While we don’t know what will come of this subpoena, and if Medtronic was hiding safety studies it should have been reporting to the Food and Drug Administration (FDA), we do know the company has complete immunity for injuries caused by class III medical devices, because of the Supreme Court ruling in Riegel v. Medtronic in 2008.

The Court ruled that because the FDA had approved a medical device through the pre-market approval process, patients injured do not have any recourse to hold the manufacturers accountable, even when a faulty product has harmed or killed a patient. A year later, the Supreme Court ruled in Wyeth v. Levine that patients harmed by prescription drugs can hold manufacturers accountable in state courts, creating disturbing double standard between prescription drugs and medical devices.

Congress has introduced The Medical Device Safety Act (HR 1346/S540) that would restore patients’ right to hold the manufacturer responsible for their defectives products.

Thousands of patients are harmed by defective medical devices, like five-year-old Avery DeGroh, who had her implanted defibrillator misfire when she was just three, shocking her nine times. Medtronic refused to pay for the cost to replace her defective device, and could be immune because of the Riegel ruling.

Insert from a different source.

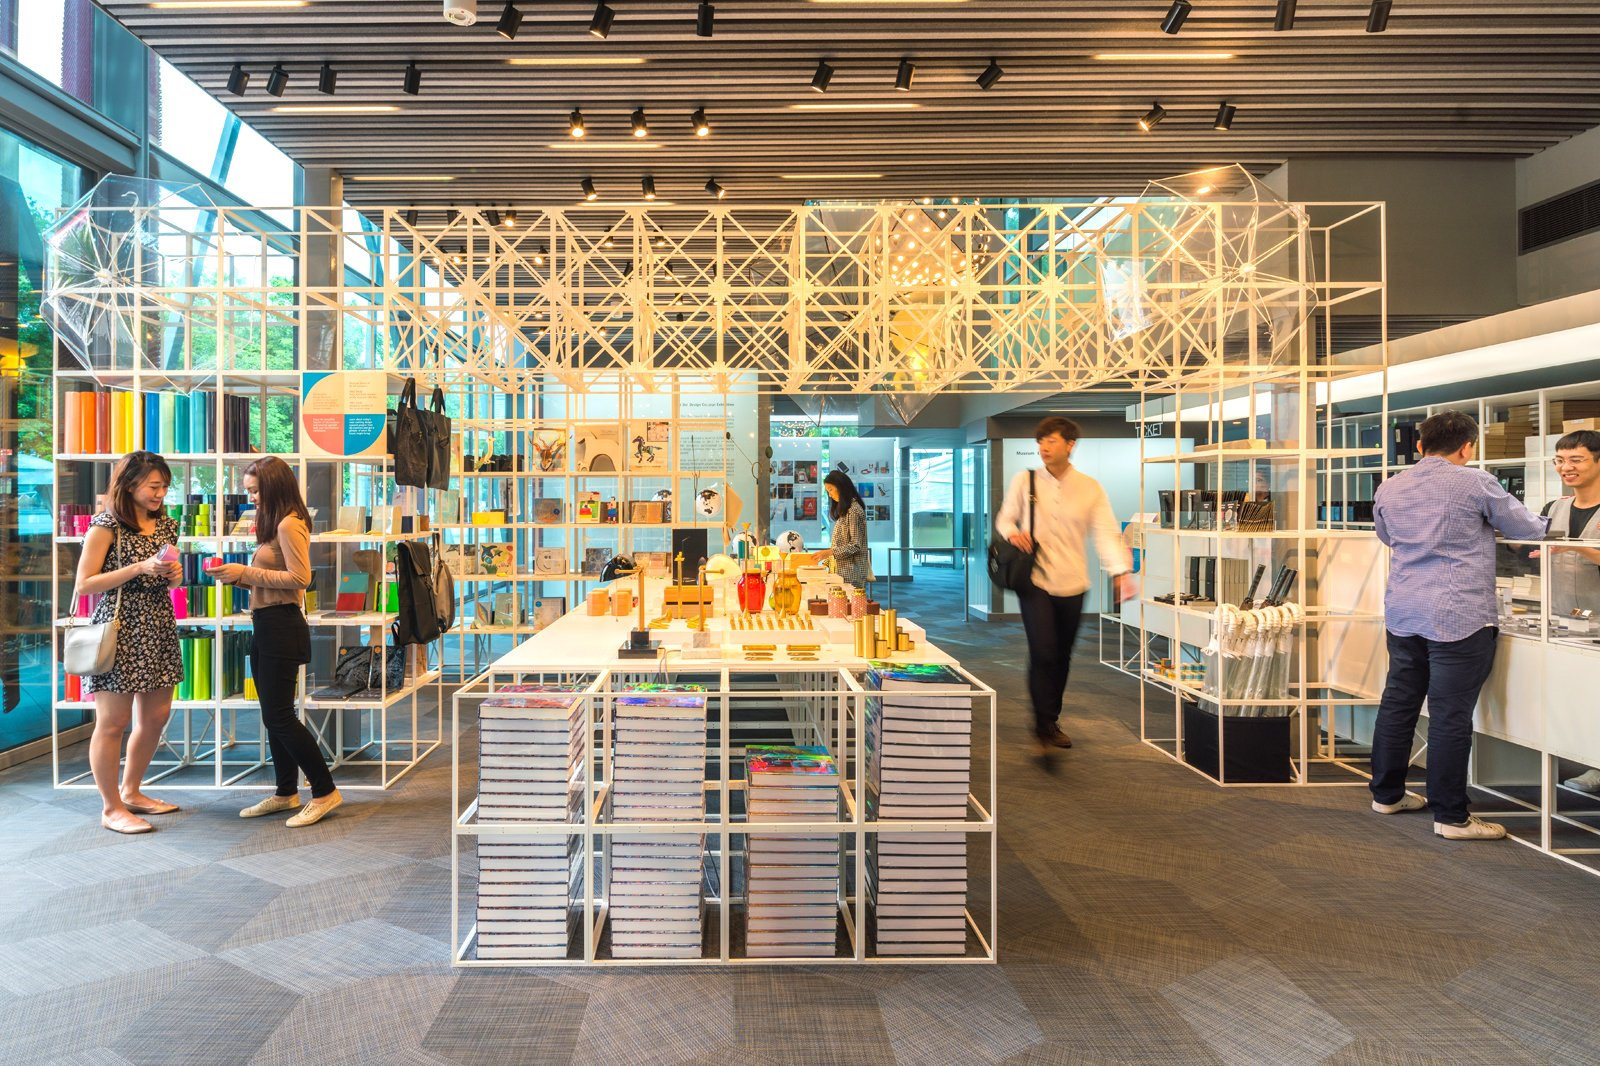 Red Dot Design Museum in Singapore - Innovative Design

Michele Meyer of Cambridge, Minnesota, lost her 30-year-old daughter, Katie. Katie beat cancer but died from complications to remove the faulty lead to her Medtronic defibrillator. Medtronic again might be immune from liability.

Whatever the subpoena yields, Congress needs to pass The Medical Device Safety Act (HR1346/S540) to protect patients. No company should be above the law when their products prove defective and dangerous.